$f : \mathbb{R} \rightarrow \mathbb{R} $ even, let $S$ be $\{f : \mathbb{R} \rightarrow \mathbb{R}: f(-x)=f(x), \forall x\in\mathbb{R}\}$
Now, since $S$ is a subset of the set of all functions from $\mathbb{R}$ to $ \mathbb{R}$ we know that $k(S) \leq 2^C$.
I'm really not sure how to go about this. I suspect I should find some injection from either $P(\mathbb{R})$ or the set of all functions, to S.
I figured I could work with some mapping like $f \to f\circ g $ where $g(x) = x^2$ because that way I could render any function even. The problem with that is that it's not an injection so I can't apply the Cantor-Schröder–Bernstein theorem.
I would appreciate any hint whatsoever!!
I don't know what $C$ means in your question. Also I don't think composing with $x^2$ will work because this is not injective.
Instead you can argue as follows:
First, prove (unless you already know) that the there is a bijection $b:\mathbb{R}\rightarrow[0,\infty]$.
Then let $f\in S$ and consider $f|_{[0,\infty]}$ this is a map from $[0,\infty]\rightarrow\mathbb{R}$. Now compose this function with $b$ you get a map $$\mathbb{R} \overset{b}{\longrightarrow}[0,\infty]\overset{f|_{[0,\infty]}}{{\longrightarrow}\mathbb{R}}$$
Call this map $\varphi:S\rightarrow \mathbb{R}^\mathbb{R}$ where $\mathbb{R}^\mathbb{R}$ denotes the set of functions from $\mathbb{R}\rightarrow\mathbb{R}$.
It is left to show that $\varphi$ is a bijection.
It is 1:1, for if $f,g\in S$ such that $\varphi(f)=\varphi(g)$ then $f,g$ agree on $[0,\infty]$ but since $f(-x)=f(x)$ and $g(-x)=g(x)$ you have that $f=g$.

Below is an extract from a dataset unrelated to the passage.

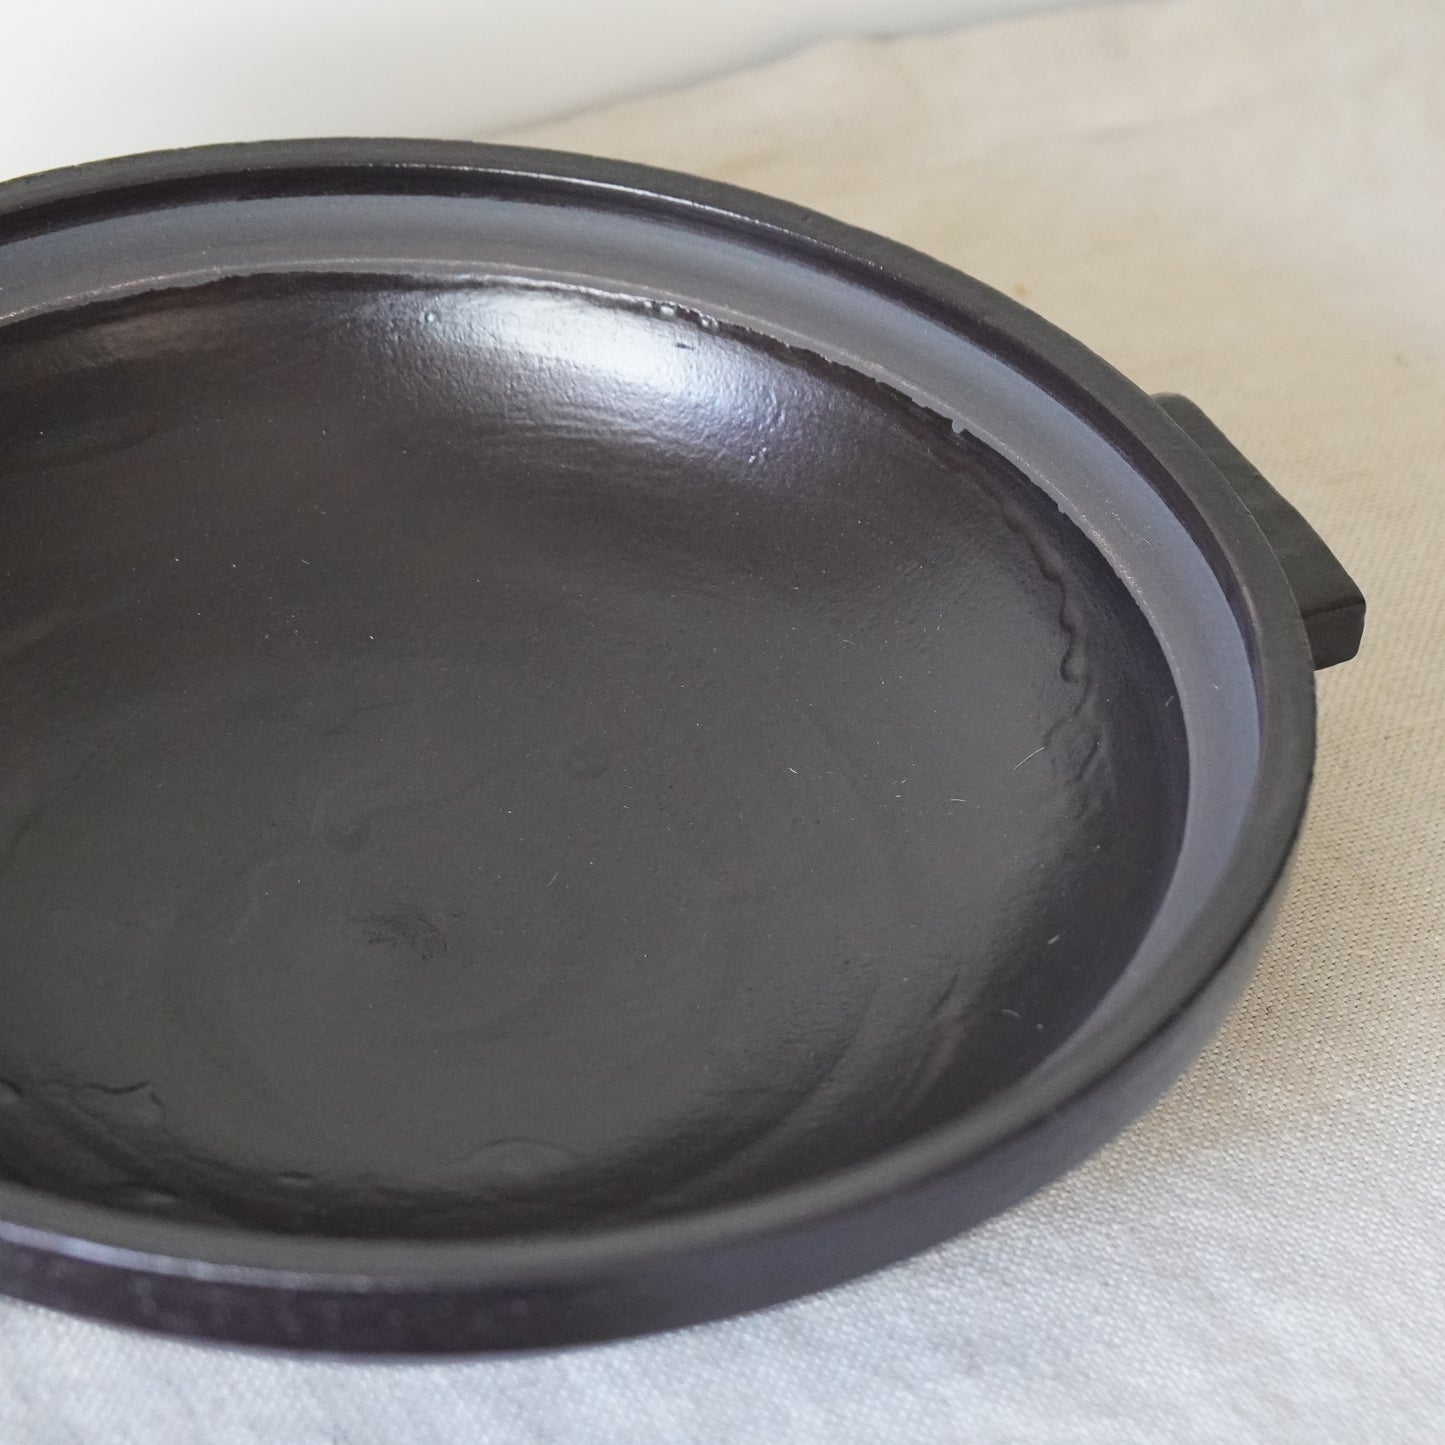 オリジナル土鍋

It is onto, for if $f:\mathbb{R}\rightarrow\mathbb{R}$ we can compose $f$ with $b^{-1}$ to get a map from $[0,\infty]\rightarrow \mathbb{R}$ (first apply $b^{-1}$ and then $f$) applying $\varphi$ on this map we will get $f$ again. In other words $f$ is in the range of $\varphi$ and so it is also onto.